Apple may now be shrinking the time it stores location data from months to seven days, but it's doing so out of the goodness of its heart. It could reverse this decision – or another bug could appear that causes longer-term storage again. The only consequence would be another embarrassing news story.

That’s lunacy. Laws – not promises -- are needed to codify what location information can be used for, and how long it can be stored.
The law governing health care personal information law, HIPPA, has many flaws, but it served one important purpose. HIPPA created a mystique around health care information, a culture of very conservative information sharing among health care workers. The seriousness with which doctors, nurses, dentists, etc., take HIPPA's secrecy policy is striking. I have several friends who volunteer at hospitals and are deathly afraid of talking about patients in even the most general terms.
Those who collect location information should be forced into a culture at least that sober. Apple should know, for example, that if it ever stores a year of location information anywhere again, there will be consequences that will immediately impact the company’s bottom line, and its stock price.
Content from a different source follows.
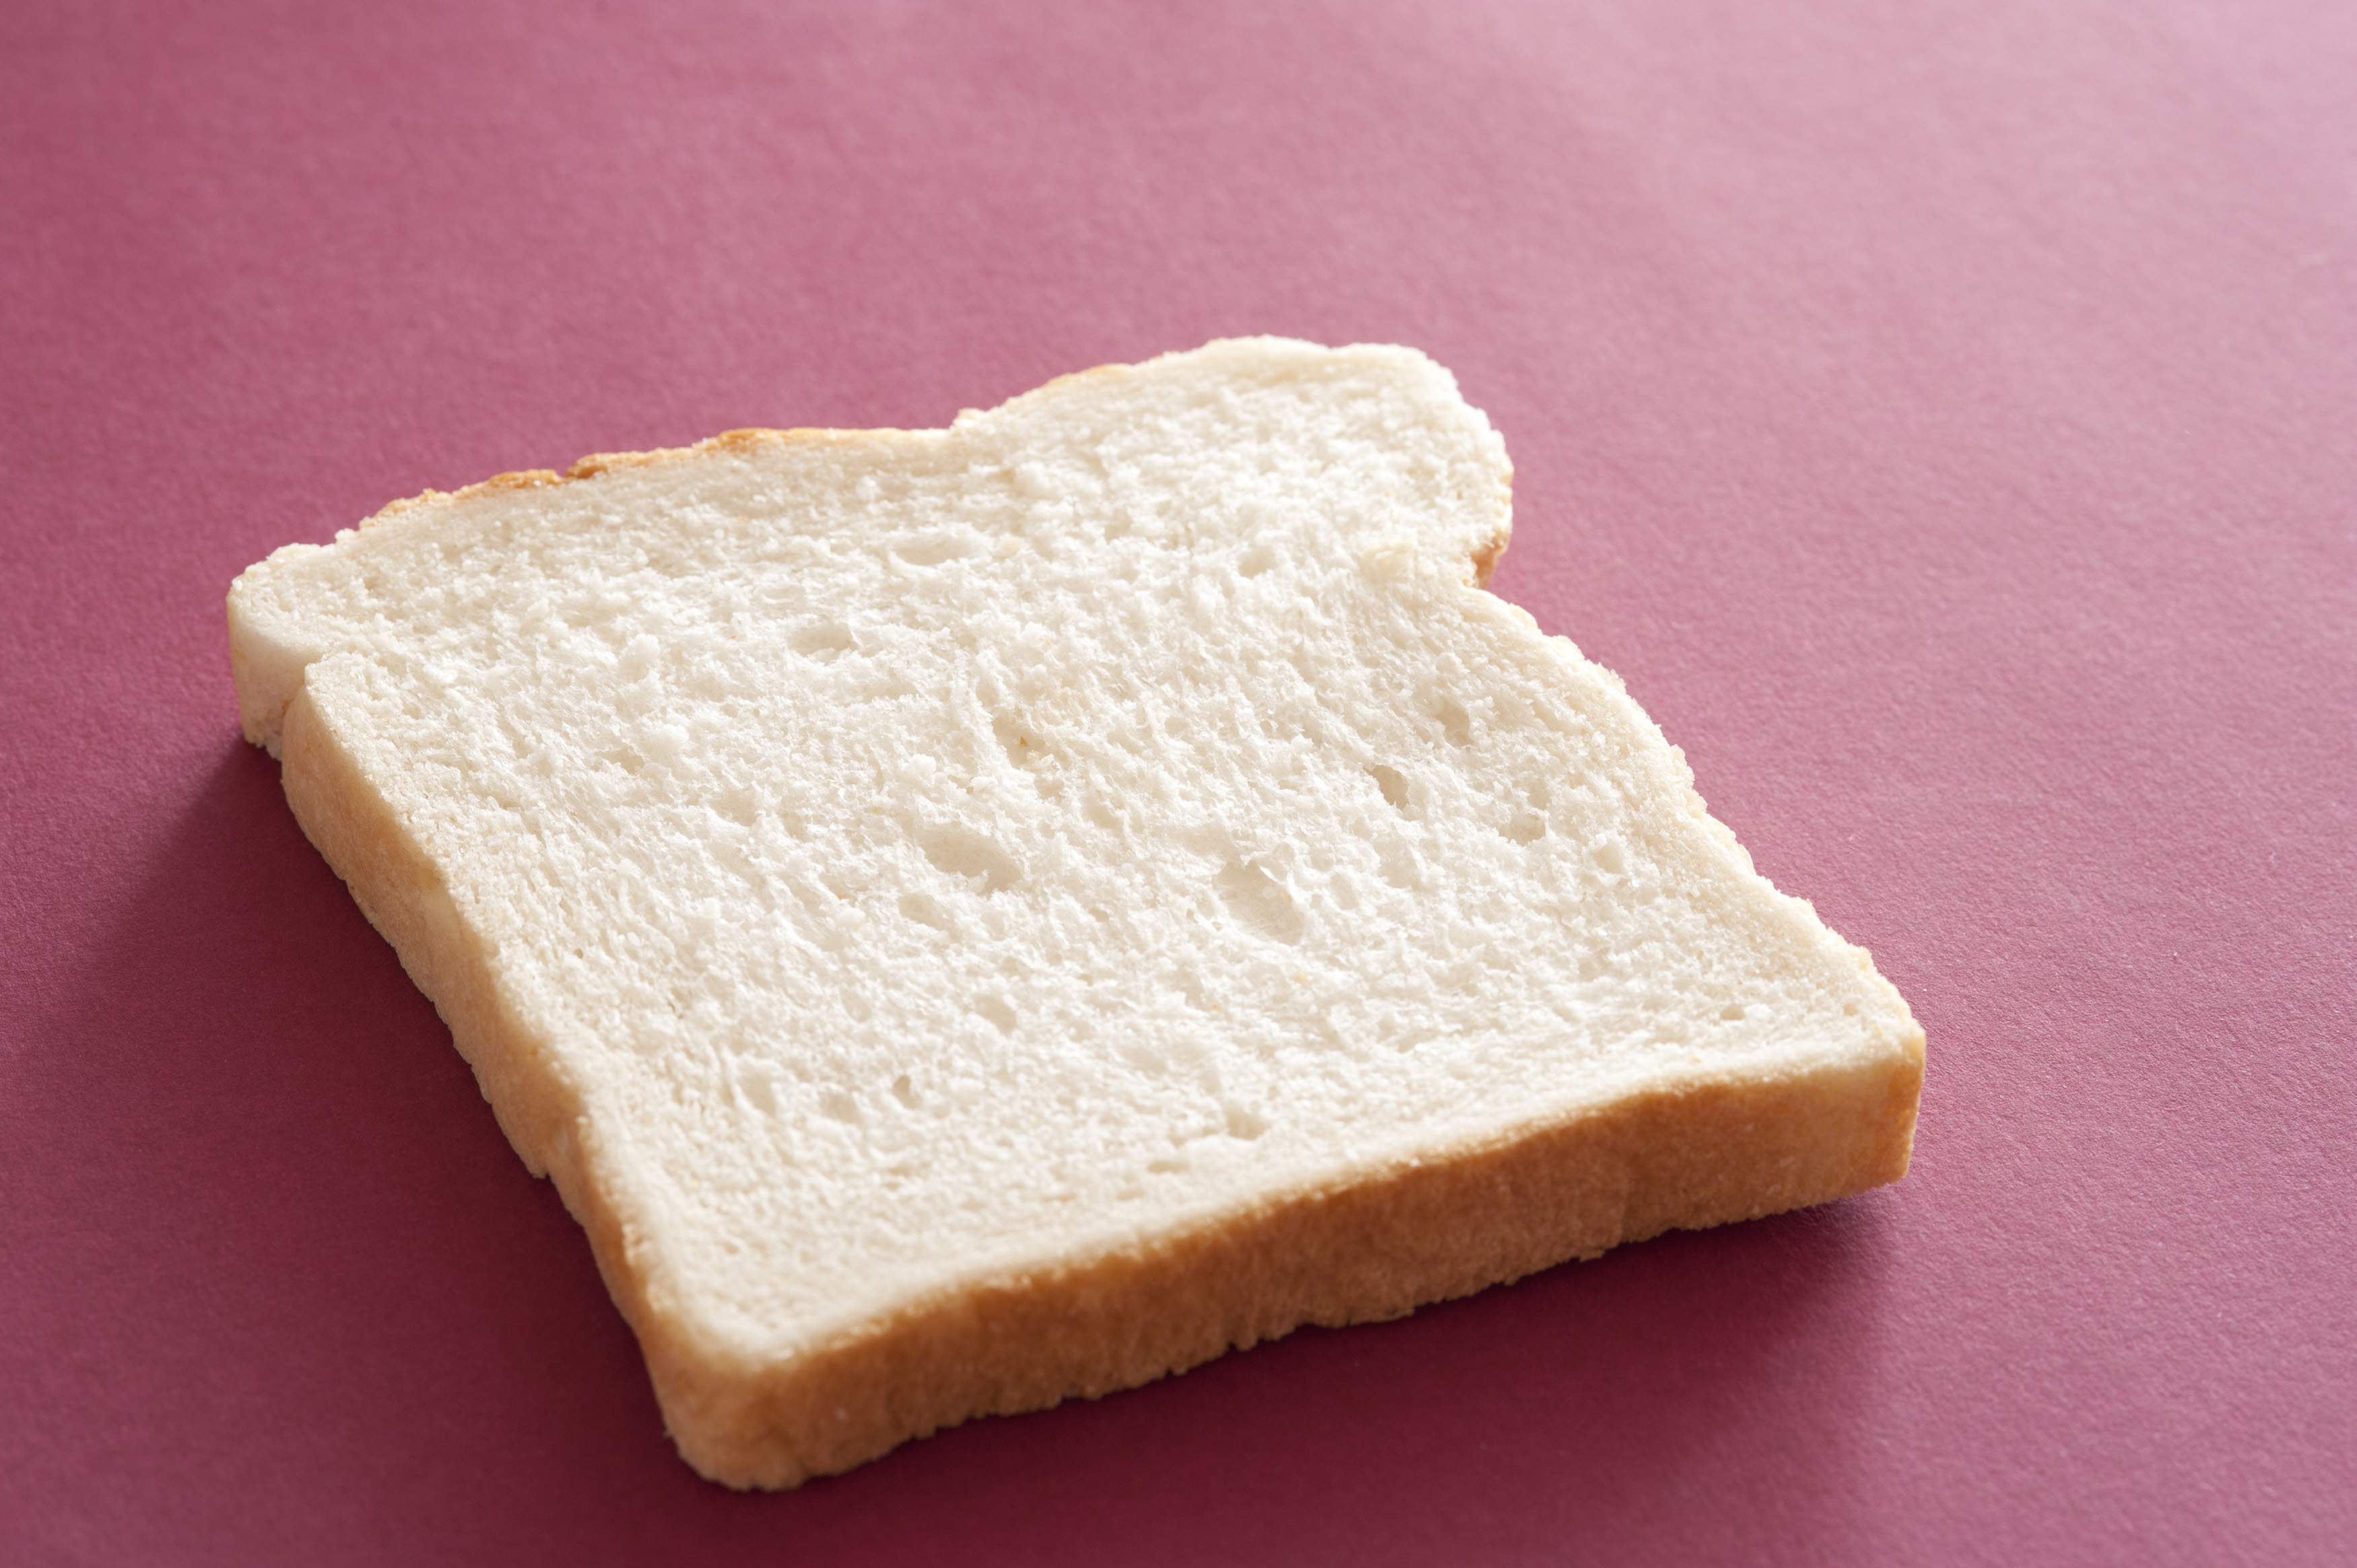 Slice of fresh white bread - Free Stock Image

I know many people really believe they have nothing to hide. Clearly, millions of Internet users are comfortable broadcasting their location to the world, and can't imagine any serious consequences coming from it. They might be right. It's certainly their right to take advantage of the fun things location-enabled software can do, and no one wants to take that away from them.
I would respectfully argue that this is unsophisticated thinking, however. Today's neat location perk is a scant trade-off for unknown consequences that might come 5, 10, even 25 years from now. I think most people, confronted with the reality that a foreign government might build a case against them someday based on detailed information about their whereabouts, would come to more moderate conclusions about what they have to hide. How easy would it be to determine your religion, your employer, perhaps even your political views, from an intelligent search of your location information? Why should that ever be possible?
It's crazy that we're walking into a world where companies and governments know where we are, and where we’ve been, without guiding principles to save us from ourselves. Location information should be deleted immediately after it is not needed for the exact purpose it was collected for.
We need a law of the land before we permanently lose the idea that where we are, and where we've been, is a sacred secret.